Whilst one of the key aims of the MIT regime was to increase the attractiveness of Australia’s fund management industry to mobile foreign investment, the pool of funds invested by sovereign wealth funds and pension funds has grown rapidly. As these types of investors have access to a range of additional tax concessions, effective tax rates on distributions from stapled businesses for these investors can be between 0% and 15%.

This integrity measure limits the broad unilateral exemptions from dividend and interest withholding tax available to foreign pension funds, largely because most countries do not provide such broad exemptions and Australian superannuation funds are not generally receiving reciprocal treatment when investing offshore.

  • A legislative framework for the existing tax exemption for foreign governments (including sovereign wealth funds), and limiting the exemption so it is only available in respect of portfolio investments.

Similar to the foreign pension fund integrity measure, the proposed legislative framework for foreign sovereign investors aims to limit tax exemptions because most countries do not provide such broad exemptions for Australia’s sovereign wealth funds that invest in those other countries.

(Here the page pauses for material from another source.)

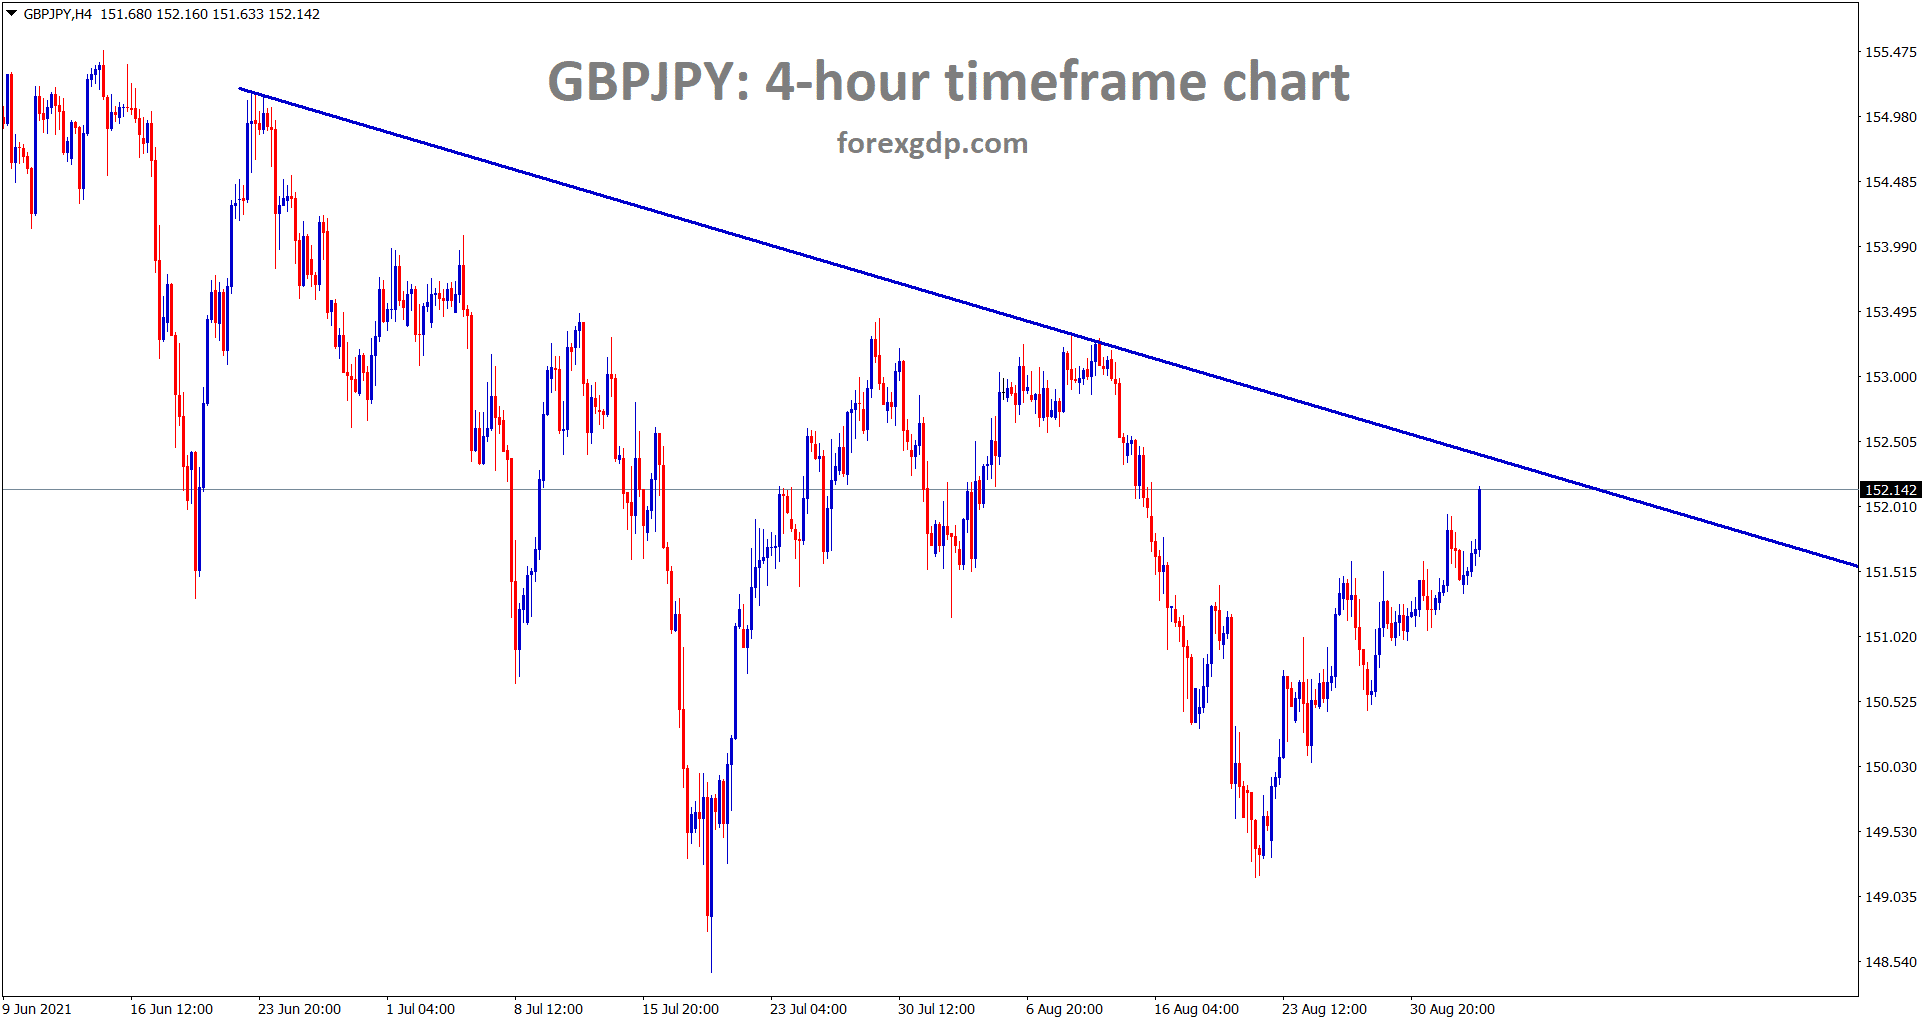 GBPJPY is going to reach the lower high area of the downtrend line
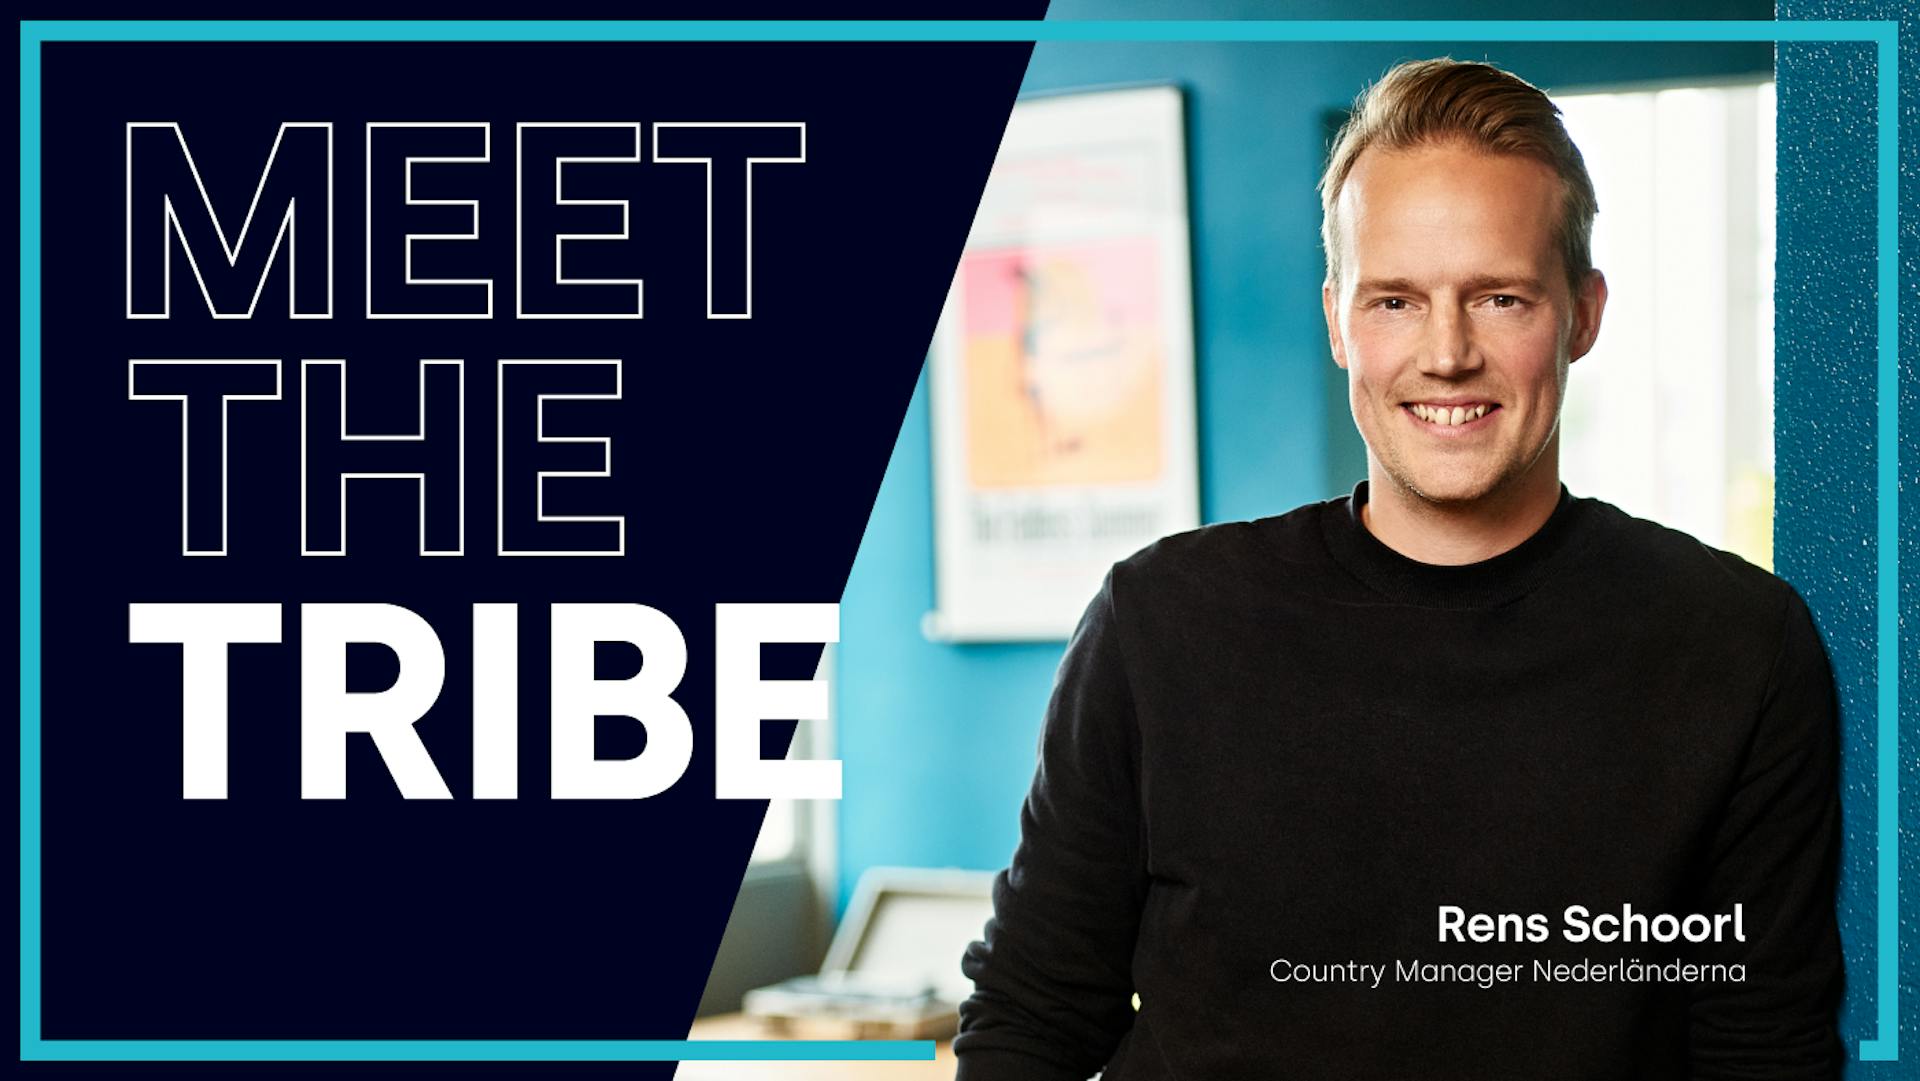 Meet the Tribe: Rens

  • The exclusion of agricultural land from being an ‘eligible investment business’ for an MIT, meaning that income, rent and capital gains from agricultural land will not be eligible for the MIT concessional withholding tax rate of 15%.

This integrity measure is aimed at levelling the playing field between domestic and foreign investors purchasing Australian agricultural land, as the current rules provide foreigners with a competitive advantage over domestic investors.